Namun demikian, solusi pragmatis itu bukan tanpa celah, utamanya untuk (timses) paslon Ahok-Djarot. Sebagai pejabat yang sudah malang melintang di dunia legislatif dan eksekutif, Ahok-Djarot mendapat dukungan 12,7% reponden karena melihat kejujuran dan kebersihan Ahok-Djarot dari praktek KKN. Angka 12,7% ini tentu cukup tinggi untuk mengimbangi poin-poin kekurangan Ahok-Djarot, dan semestinya dijaga terus sampai pencoblosan nanti.
Lebih dari satu bulan yang lalu, Direktur Eksekutif Perkumpulan untuk Pemilu dan Demokrasi (Perludem) Titi Anggraini memberi rambu awas terkait potensi munculnya politik uang di Pilkada DKI Jakarta 2017. Menurutnya politik uang berada di antara hoax dan realita.
“Tiba-tiba beredar gambar, ada beras di atasnya ada gambar pasangan calon, tapi itu beredar di dunia maya. Kan kita bertanya-tanya, itu realita atau hoax?” ujar Titi di Salemba, Jakarta Pusat.
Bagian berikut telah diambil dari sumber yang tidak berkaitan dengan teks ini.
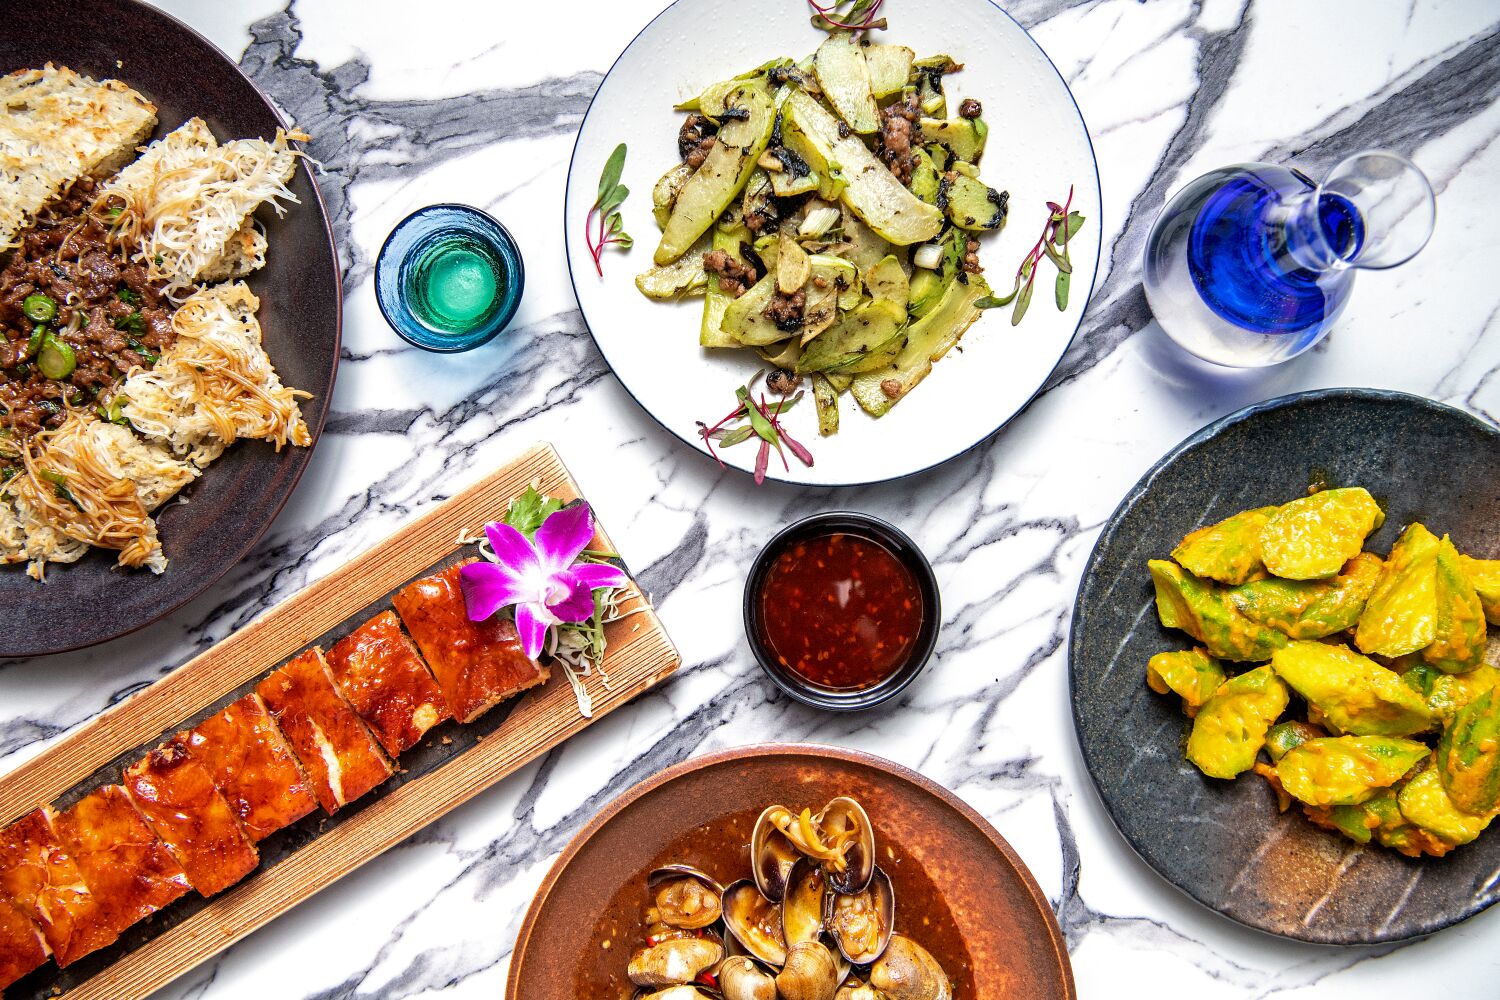 At Colette, Los Angeles' next generation of Cantonese cuisine takes shape

Terlepas dari sembako itu hoax atau realita. Tampaknya sembako masih menjadi wacana utama politik uang di Pilkada DKI Jakarta 2017, baik untuk mendulang suara paslon sendiri, atupun untuk menyerang paslon lawan. Ujungnya, para paslon mesti bertanya, apakah strategi bagi-bagi sembako sarana tepat suara didulang, atau malah bisa jadi bumerang?